- _Task instructions_: Using the data below, reproduce exactly the lines from the line with "有了 R8，可以在一个编译步骤中执行脱糖、压缩、混淆、优化和 dex 处理。" to the line with "Blutausstrich des Huhnes", both included; pictures must be dropped.
━━━ Supplied information
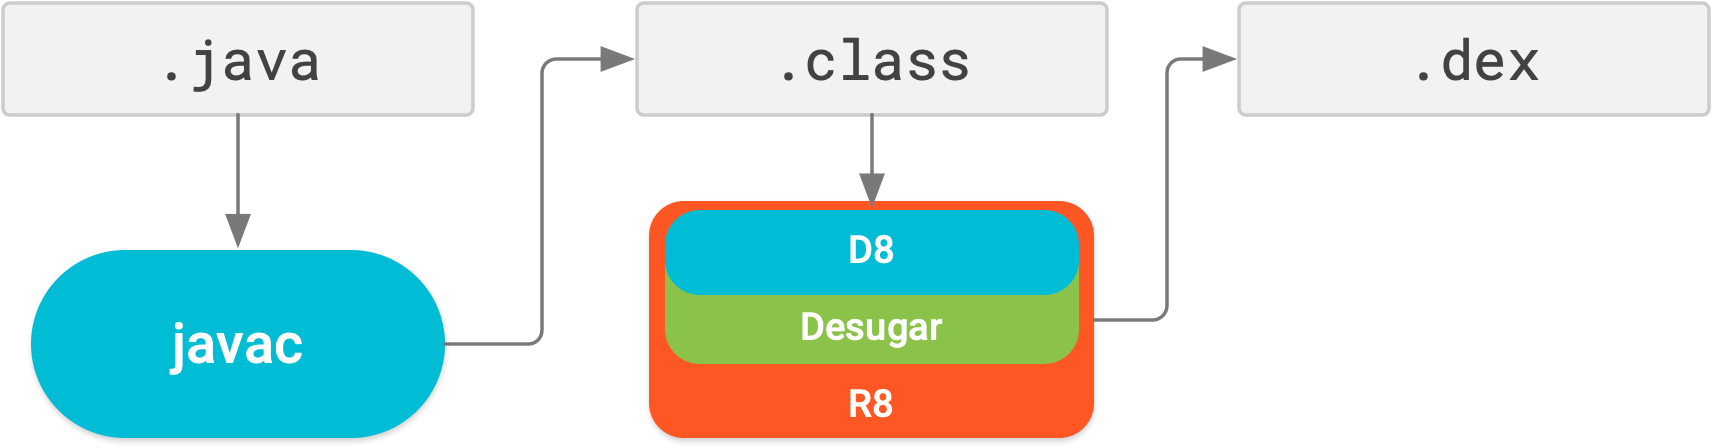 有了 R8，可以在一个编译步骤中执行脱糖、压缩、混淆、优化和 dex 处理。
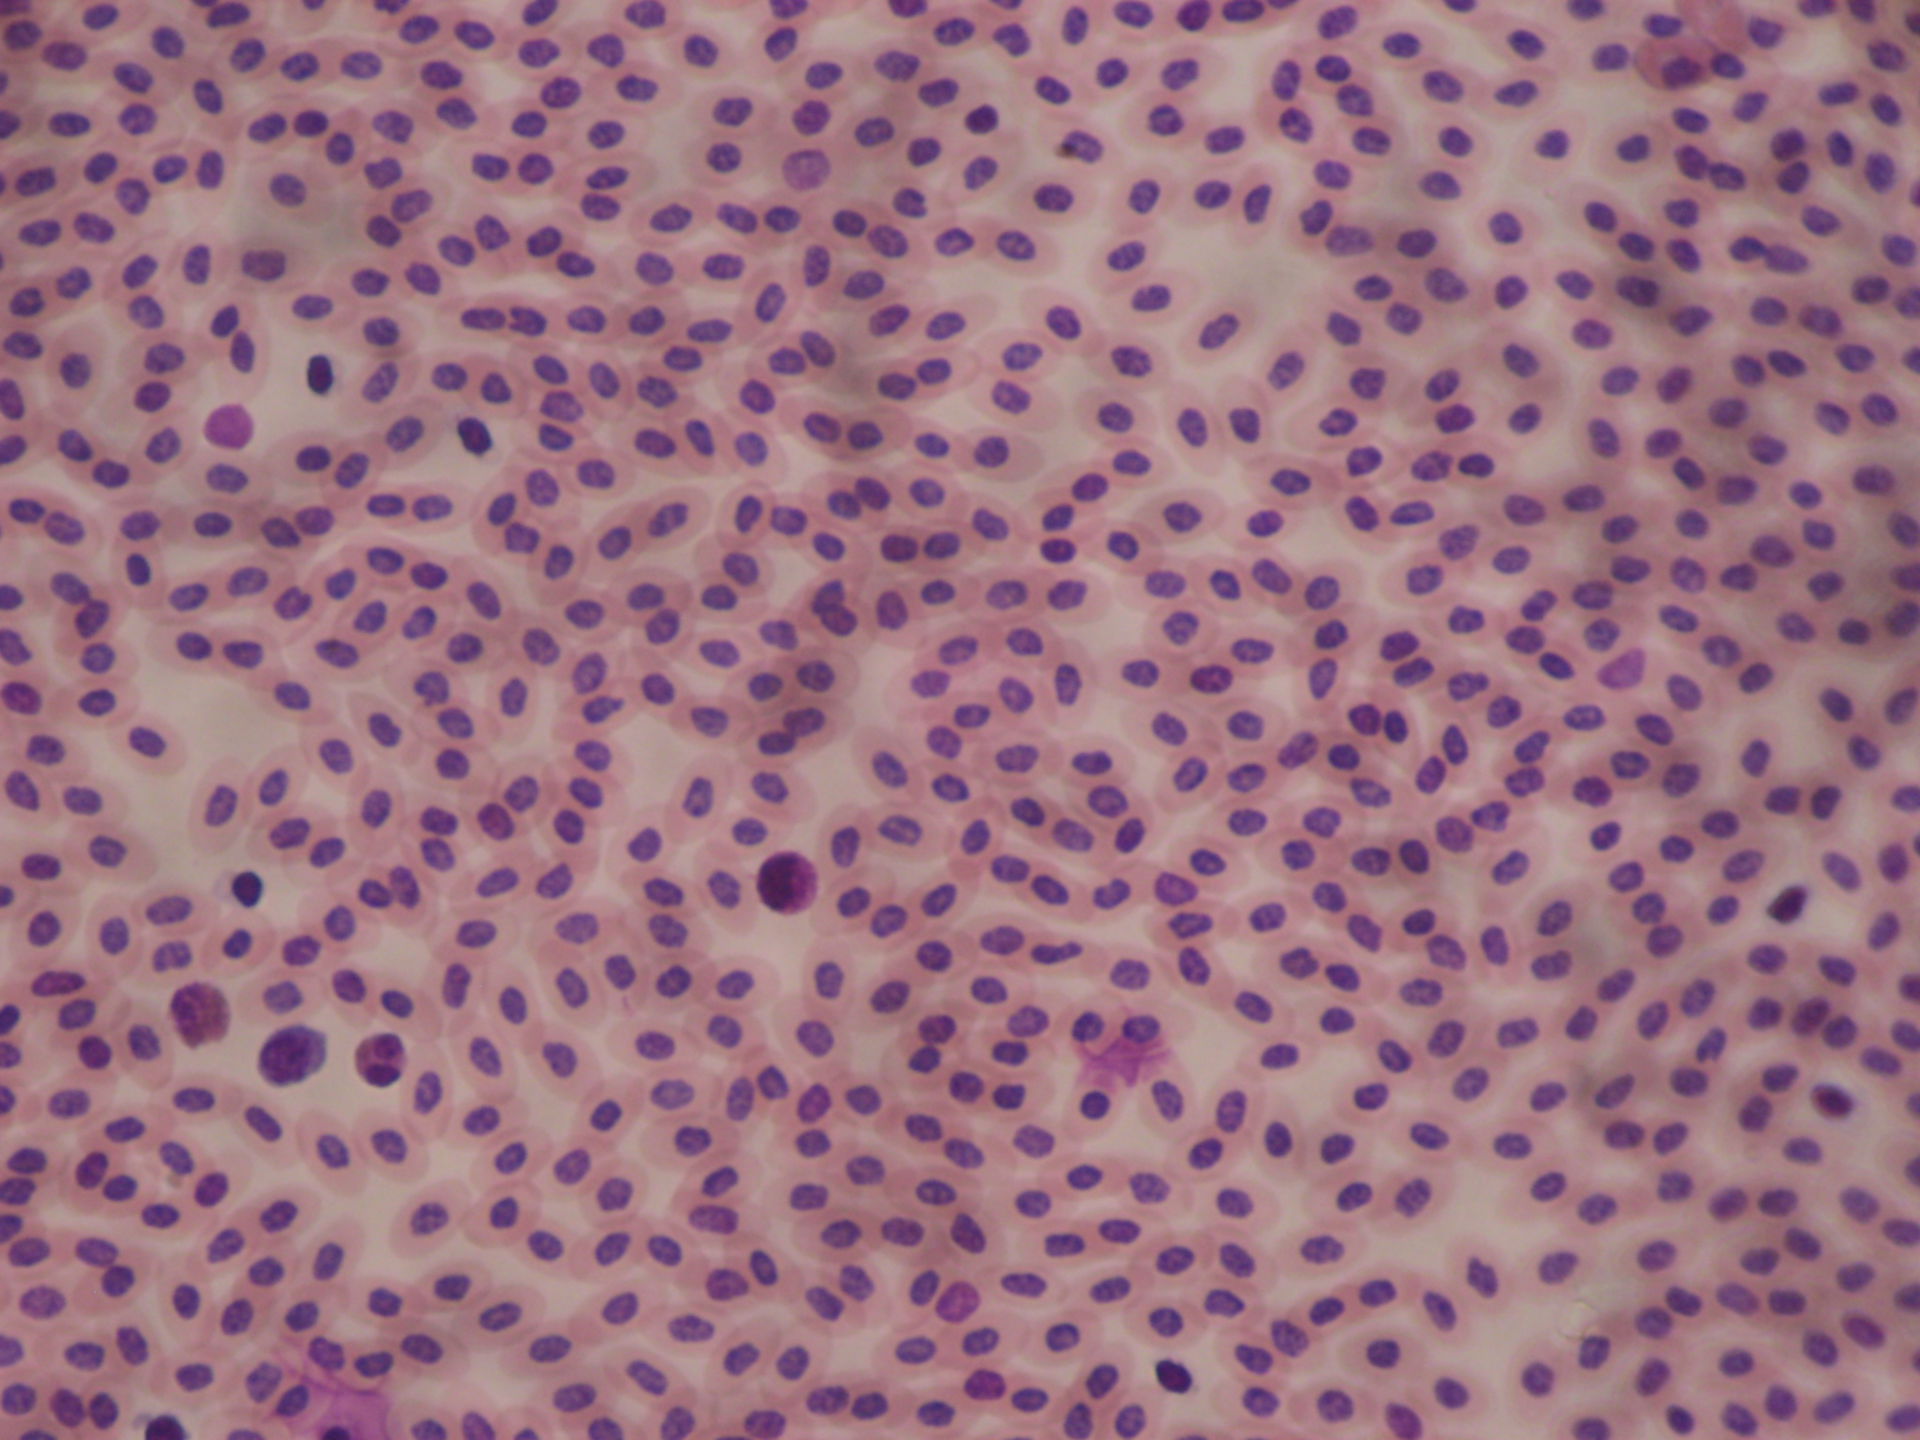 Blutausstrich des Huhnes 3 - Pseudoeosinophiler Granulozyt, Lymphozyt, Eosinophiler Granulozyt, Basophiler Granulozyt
━━━━━━
━━━ Supplied information
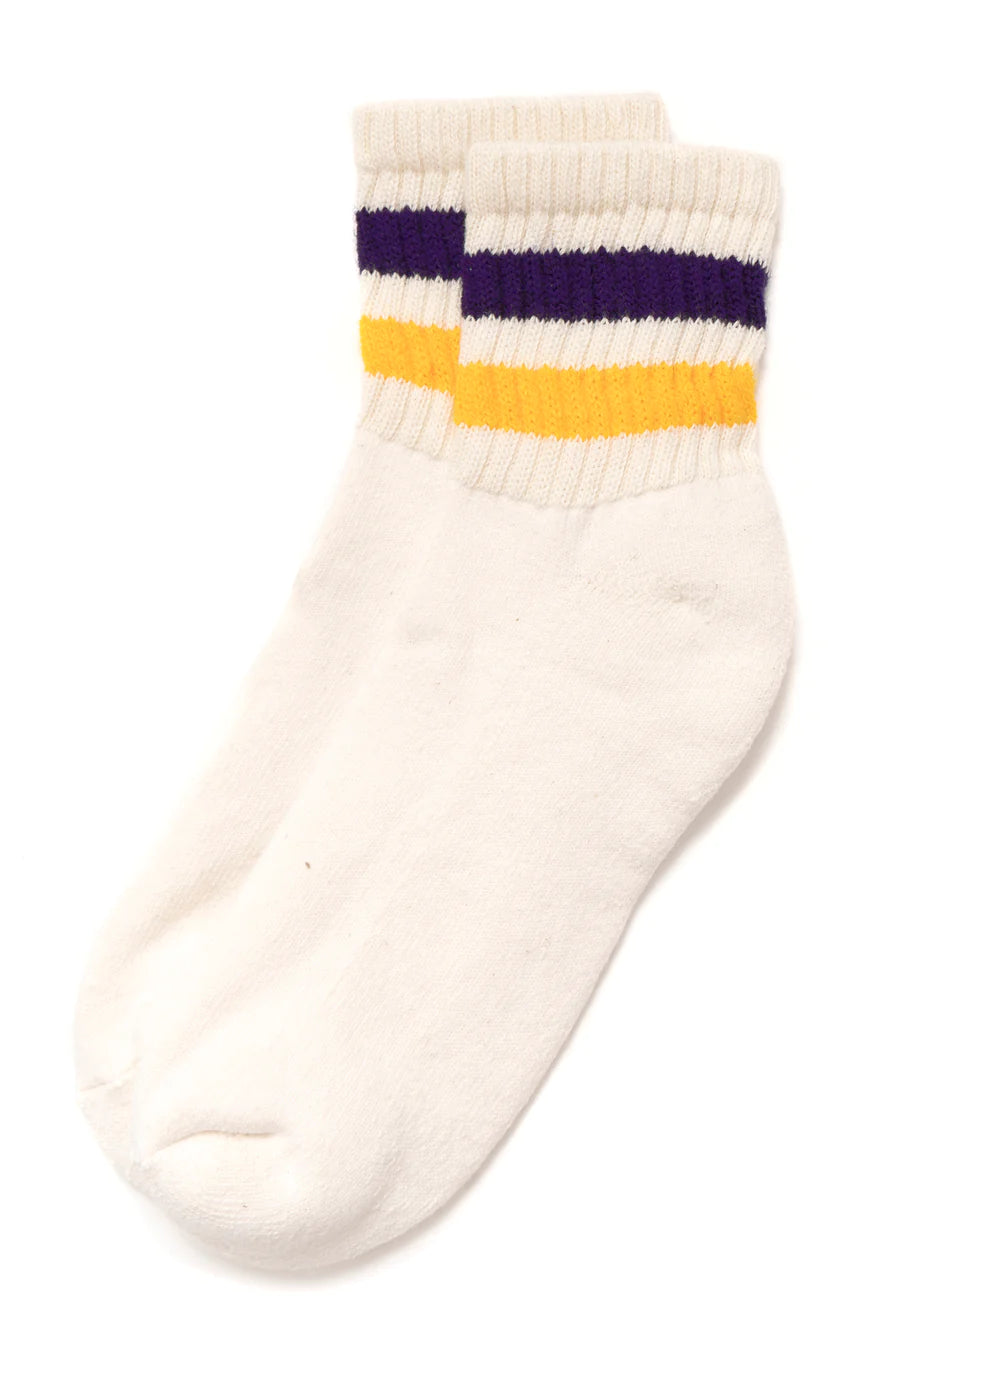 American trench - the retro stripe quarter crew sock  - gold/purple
━━━━━━
━━━ Supplied information
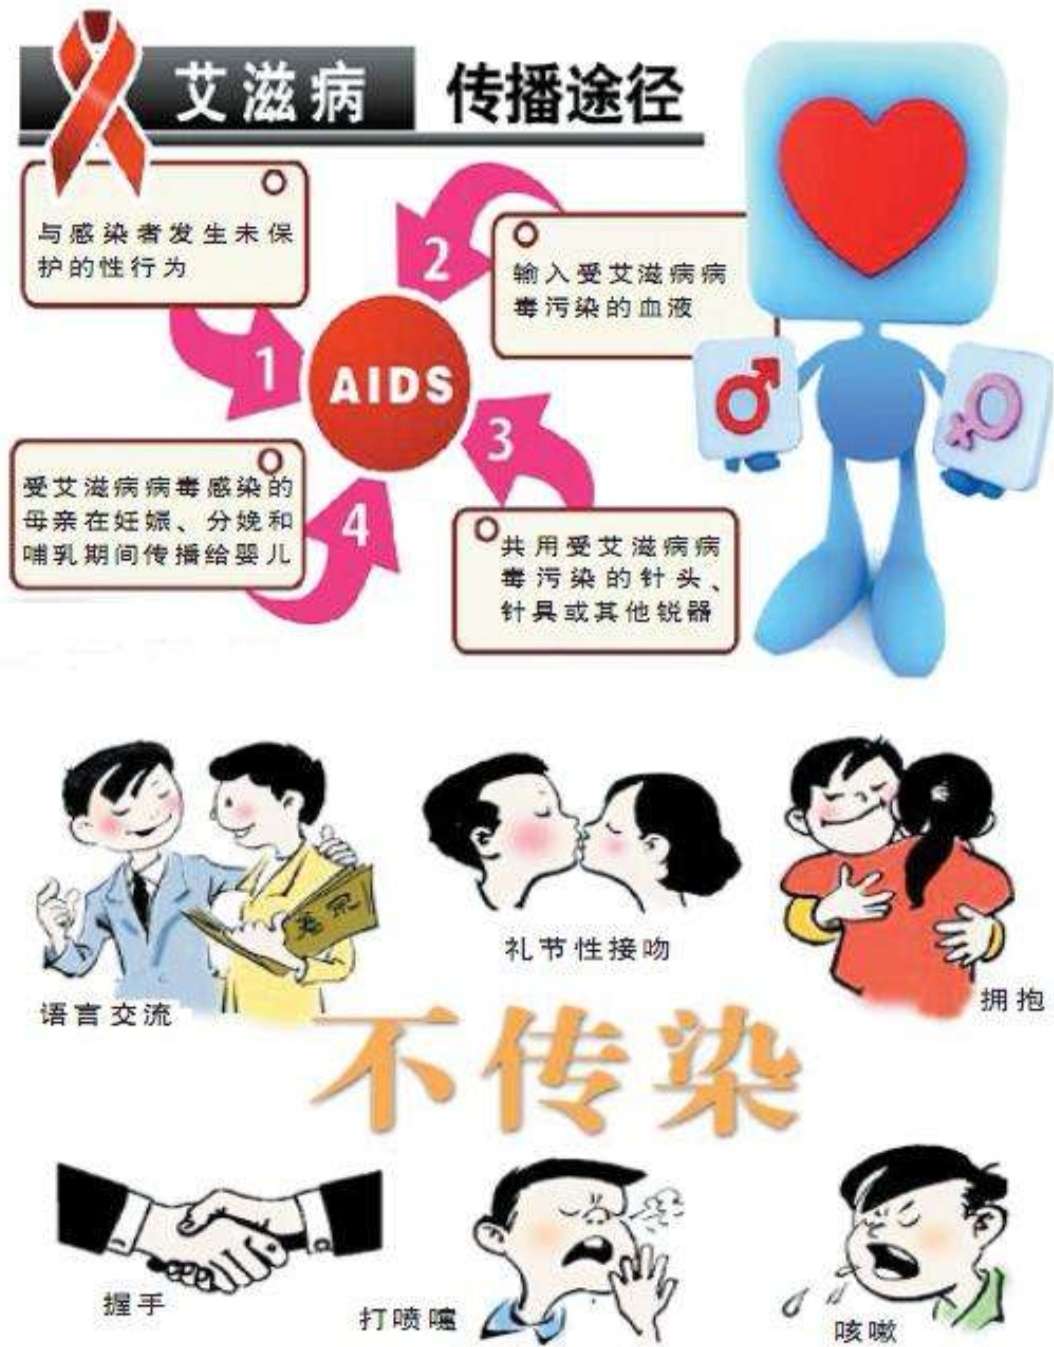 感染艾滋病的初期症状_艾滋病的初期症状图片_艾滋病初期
━━━━━━
- _Answer box_:
 有了 R8，可以在一个编译步骤中执行脱糖、压缩、混淆、优化和 dex 处理。
 Blutausstrich des Huhnes 3 - Pseudoeosinophiler Granulozyt, Lymphozyt, Eosinophiler Granulozyt, Basophiler Granulozyt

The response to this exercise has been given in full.